Directed by Janus Metz, with the screenplay by Olen Steinhauer, All The Old Knives Grade A script in the hands of a cast of dramatic heavy hitters consisting of Chris Pine, Thandiwe Newton, Laurence Fishburne, and Jonathan Pryce filling their perspective spaces, however briefly (Fishburne and Pryce might have a combined 25 mins of screen time) with performances that make it clear why they are the go-to for these spy or dramatic projects.
All The Old Knives spins the tale of Henry Pelham, a veteran CIA agent, who is given the task of rooting out a potential mole whose treasonous actions led to the death of 120 hostages and their captors which haunts all Involved, 8 years later. One of the most important aspects of screenwriting, something I teach my students, is the importance of the first 10 pages. It’s all most producers, studios and contests tend to read.
The first 10 have to immediately grab your reader or viewer, never letting them go or giving them a chance to. This is especially important for projects that are heavy on dialogue and light on the action that is usually associated with many recent spy/thriller offerings.
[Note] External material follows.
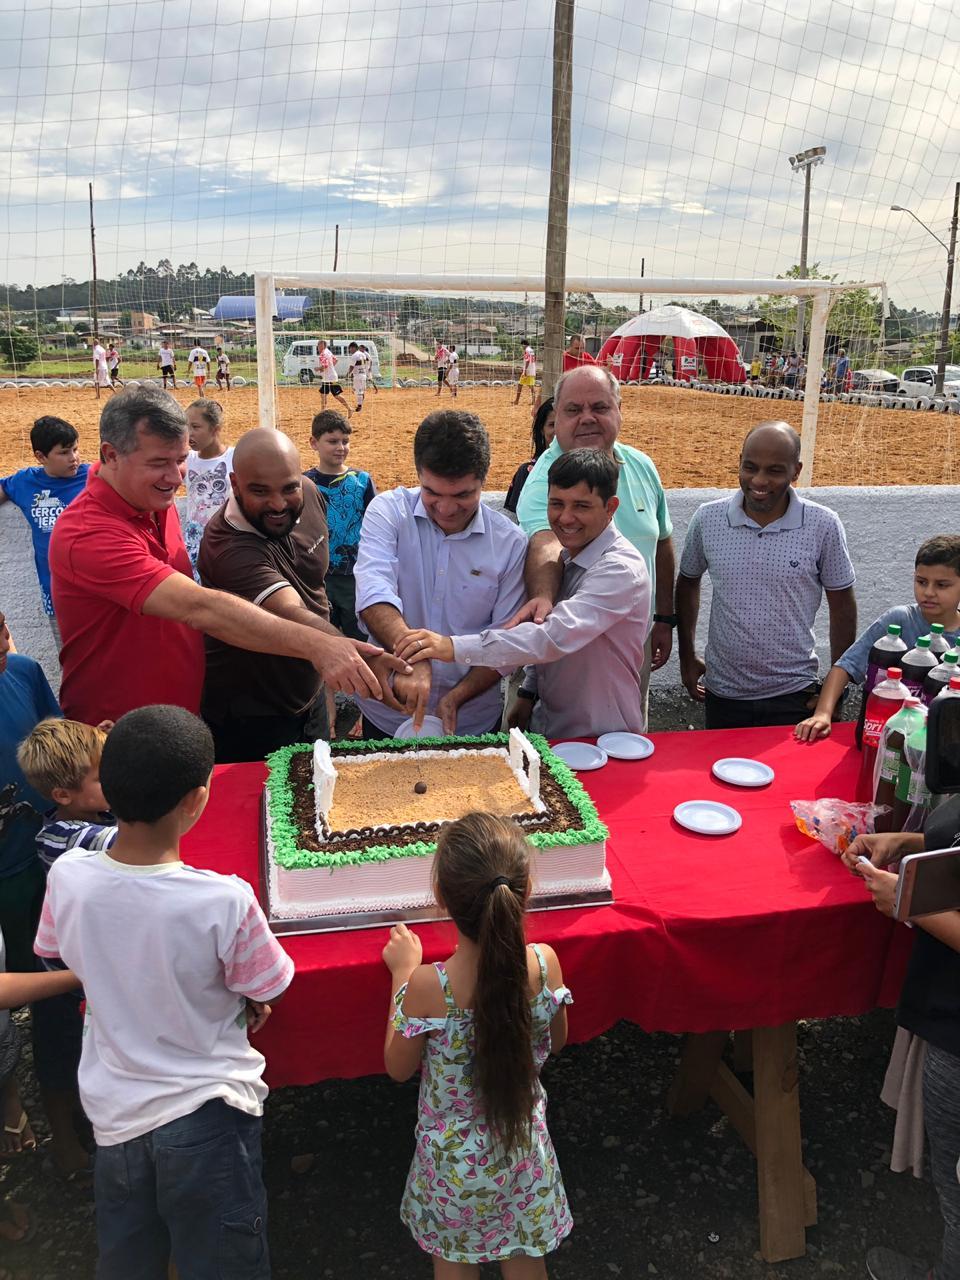 Prefeitura de Criciúma inaugura campo de futebol no bairro Renascer

Olen Steinhauer has mastered this, with his usual slow-burn style closely resembling the novels that made him very popular. A burn that leads you into several spy movie tropes we have come to know, love, and be annoyed by only for those to get turned on their heads, making you question the answers you assumed would happen mid-way through.
All The Old Knives is both contained in locations but epic in ramifications forcing the actors to make clear distinctions between pre-terrorist attack personas and 8 years later, all the while giving the audience red herrings that make this so much fun to watch. Fishburne and Pryce do what they do and do it well. Thandiwe Newton does a fantastic job as Celia Harrison, whose job is to seemingly be the human embodiment of the aforementioned Red Herring.
Dutiful spy, lover and potential villain, Newton’s performance sucked the air out of the room, often dominating all in her presence and pushing Chris Pine into a range I didn’t really think he was capable of. Chris Pines’ performance and wig in a series of expositional flashbacks, were strangely uneven and stale in the beginning and throughout parts of the movie. It was jarring enough to make me think I missed something at the beginning of the movie and had to start it all over.
However, Chris Pine began to shine opposite Newton culminating in what is easily the best performance of his career. Directed superbly by Janus Metz Pedersen, this “Bond Lite” plot premise, without all the swag and cool toys, shines brightly as a testament that a spy thriller doesn’t need to have car chases, explosions, and Mission Impossible level CGI, to be good or in this case, great.
All the Old Knives releases in select theaters and Prime Video on April 8th.